Однако «кутузка» еще издалека ей не понравилась — тесная комната с толстой решеткой вместо двери, до отказа забитая народом. К счастью, народ этот весь перекочевал из клуба «Паноптикум».
— Ну что?! — к ней с трудом протиснулись Сема, Леночка и Медведев.
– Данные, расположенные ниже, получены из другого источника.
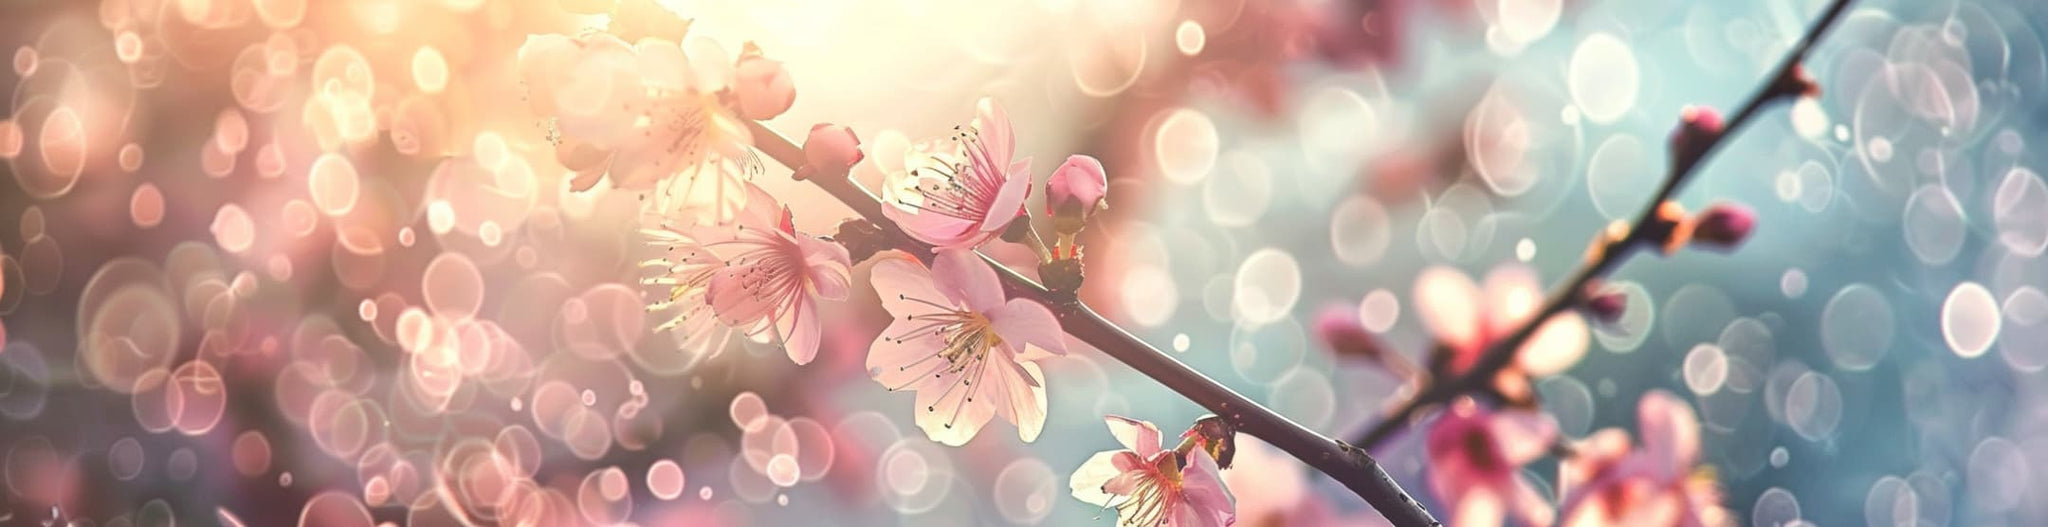 Embrace the freshness of Spring to rejuvenate your spirit
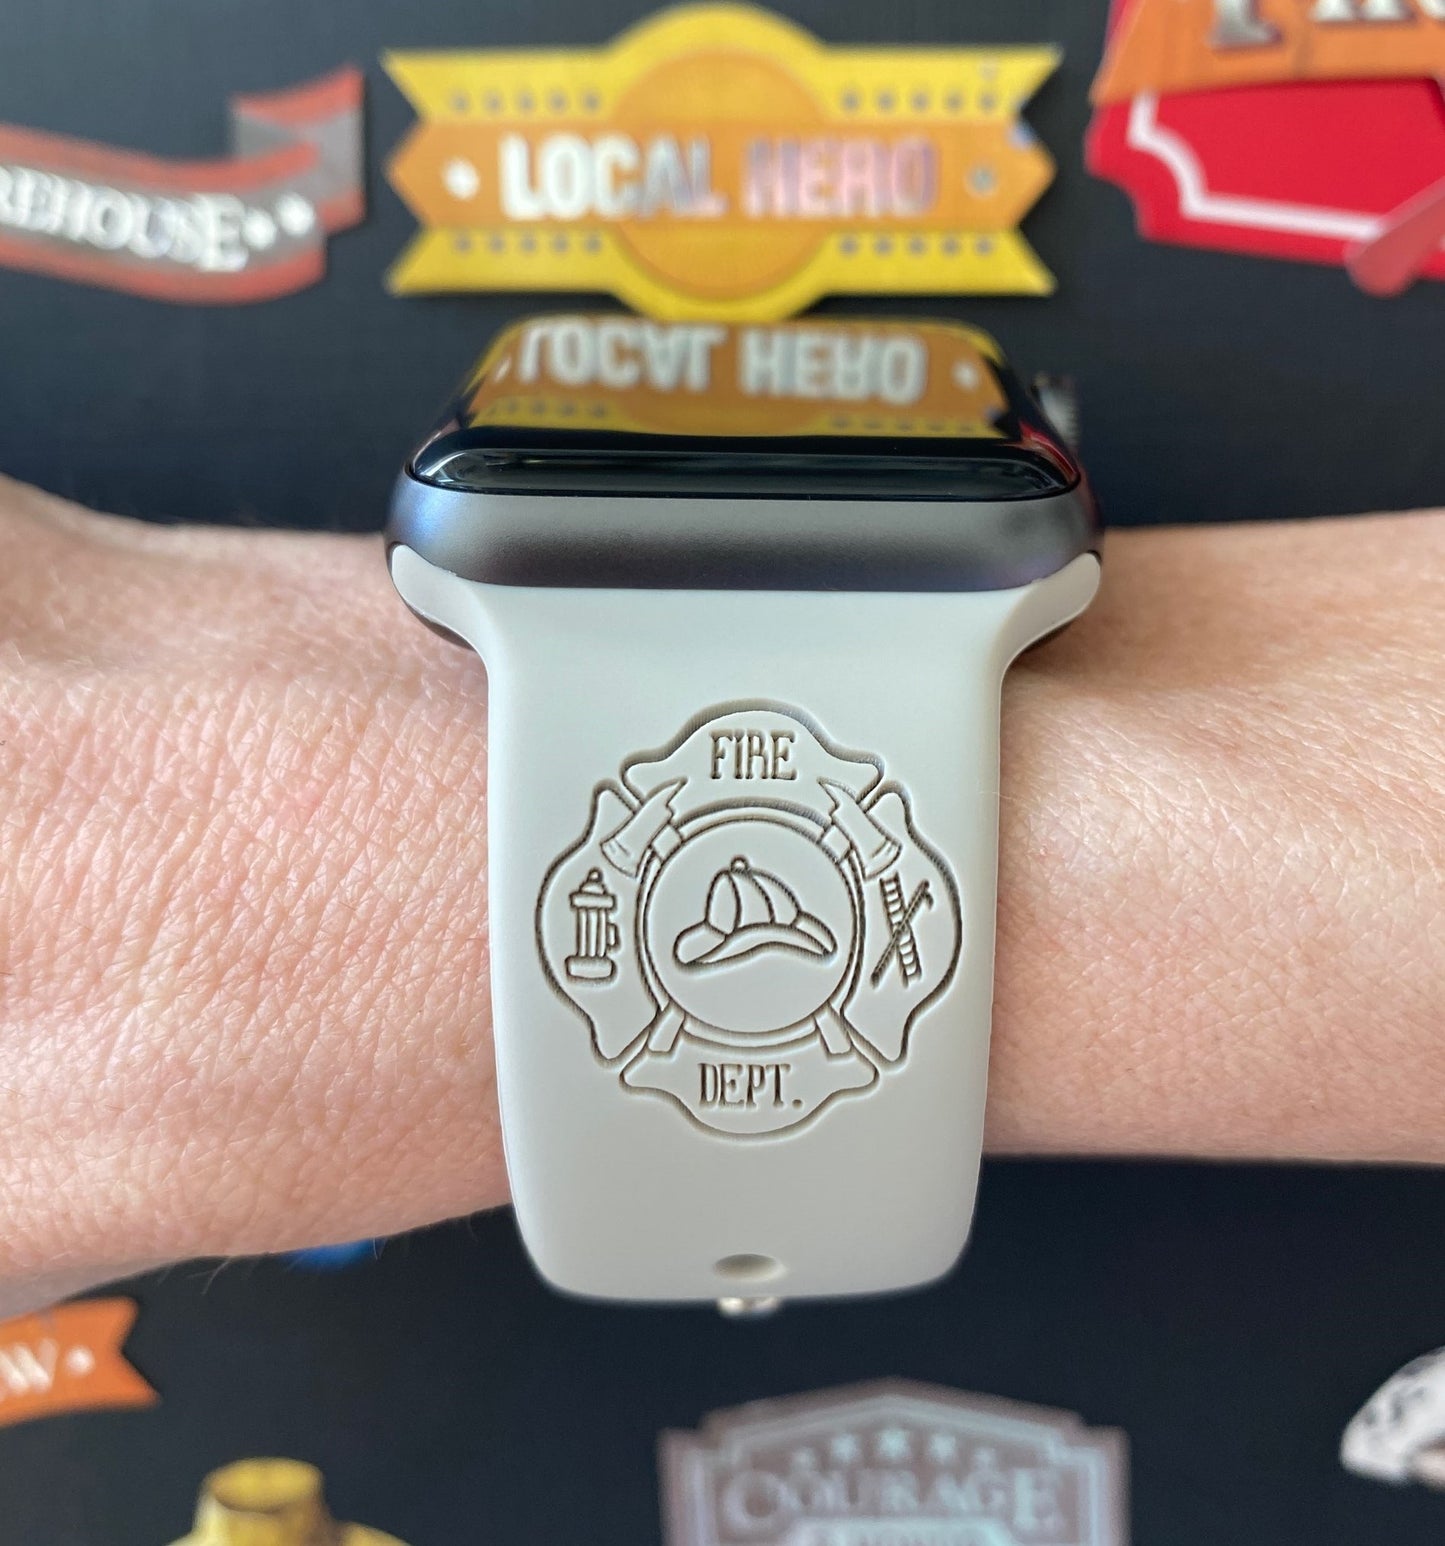 Firefighter Apple Watch Band

Маняша прислонилась спиной к железным прутьям и закрыла глаза:
— Не знаю… Мне так плохо.
— Он тебя бил? — Сема сжал кулаки.
Она открыла глаза, посмотрела на него в упор и усмехнулась:
— Ты что, у нас не тридцать седьмой год. Никто меня не бил. Хотя ощущения как после хорошей трепки. Ну, вот кто меня так по-свински напоил?!
— А о чем он тебя спрашивал? — не унималась Леночка. — О чем?
— Да все о том же, о физике.
— А ты?
— А что я? — она вдруг разозлилась. — Я, как всегда, ничего ему не сказала. Теперь нас всех поставят на учет в милиции.
— Ничего себе! — возмутился Медведев. — Из-за какого-то придурка нас на учет! При чем здесь мы?!
— Ну, ты можешь дать показания следователю, может быть, он тебя и помилует. — Маняша снова закрыла глаза.
— А что ты думаешь, и дам! Очень мне нужно состоять на учете в милиции! — гневно воскликнул Медведев. — Мне в этом году в университет поступать, кто меня примет с криминальным хвостом? Думаете, игрушки? Армия — это уже не игрушки!